For instance, "father" denotes one who has begotten; it connotes male sex, prior existence, greater experience, affections, guidance, etc.  Another example is the word "ugly" -- it denotes what is unpleasing to our sight; it connotes repellent effect or immunity from the dangers peculiar to beauty.

Writers will spend much of their time finding words for their work that uses denotation and connotation to their fullest.

Concrete versus abstract language: 

since poets search for the exact words to echo the sense of their poems, they tend to stay away from abstract language; throwing words like faith, hope, trust, or love into a poem without either imagery or concrete nouns to explain what these terms mean is the work of a lazy poet. If we truly believe that the poet's job is to help shape the chaos of our lives, then specificity is a must.

"If I stepped out of my body/ I would break into blossom," writes the poet James Wright in his poem "The Blessing."

A lazy poet would have written, "I felt great love/ at the sight of the two horses."

Figurative language

metaphor--an expression of similarity of dissimilarity in which a direct, nonliteral substitution or identity is made between on thing and another: My car is a lemon, or hope is a bird.

personification--lends human qualities to abstractions and animate or inanimate objects, designed to evoke emotion: "not even the rain has such small hands" e.e. cummings.

symbol--a work, phrase or image that represents something literal and concrete and yet maintains a complex set of abstract ideas and values: A cross too heavy to bear.

allegory--allegorical characters tend to be literal, one-dimensional, sharply outlined, and rigid in the order of ideas they represent: Mr.
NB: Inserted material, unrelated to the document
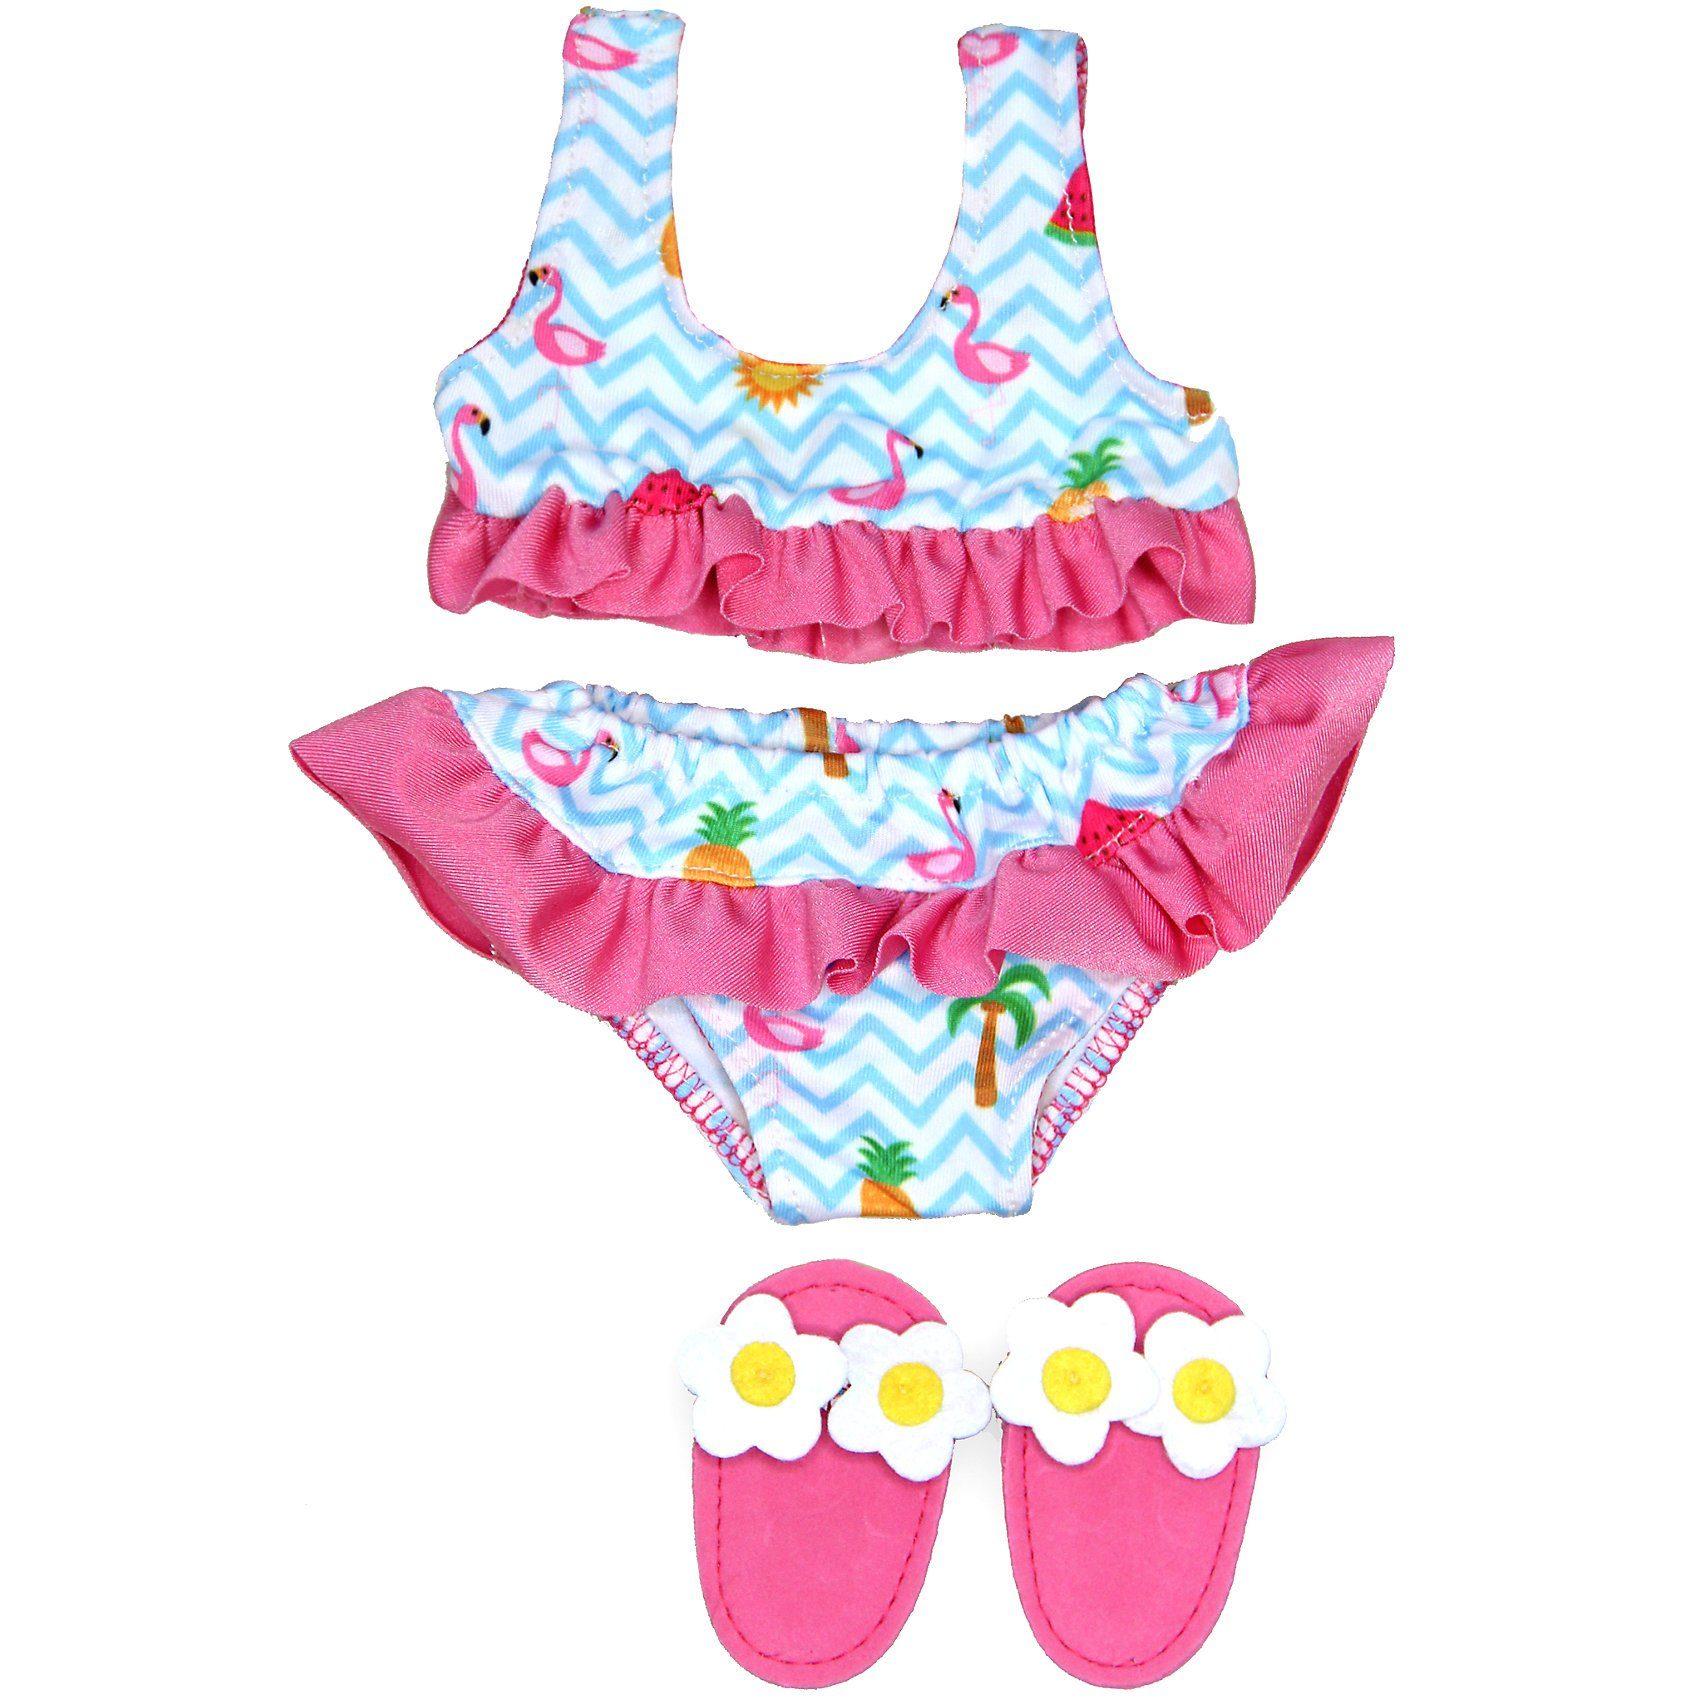 Heless Flamingo Bikini mit Badeschläppchen, Gr. 35 45 cm, Puppenkle online kaufen | OTTO

Scrooge in "The Christmas Carol.

paradox--tells its truth through a self-contradicting assertion in the whole of its meaning, or an assertion that contradicts popular opinion: Many Christians maintain that through dying they are reborn.

irony-names or states one thing but intends another which is conveyed through the tone of the persona or contradiction between words and the matter at hand: In Oedipus, he wants to punish the murderer of his father unaware that he is the murderer.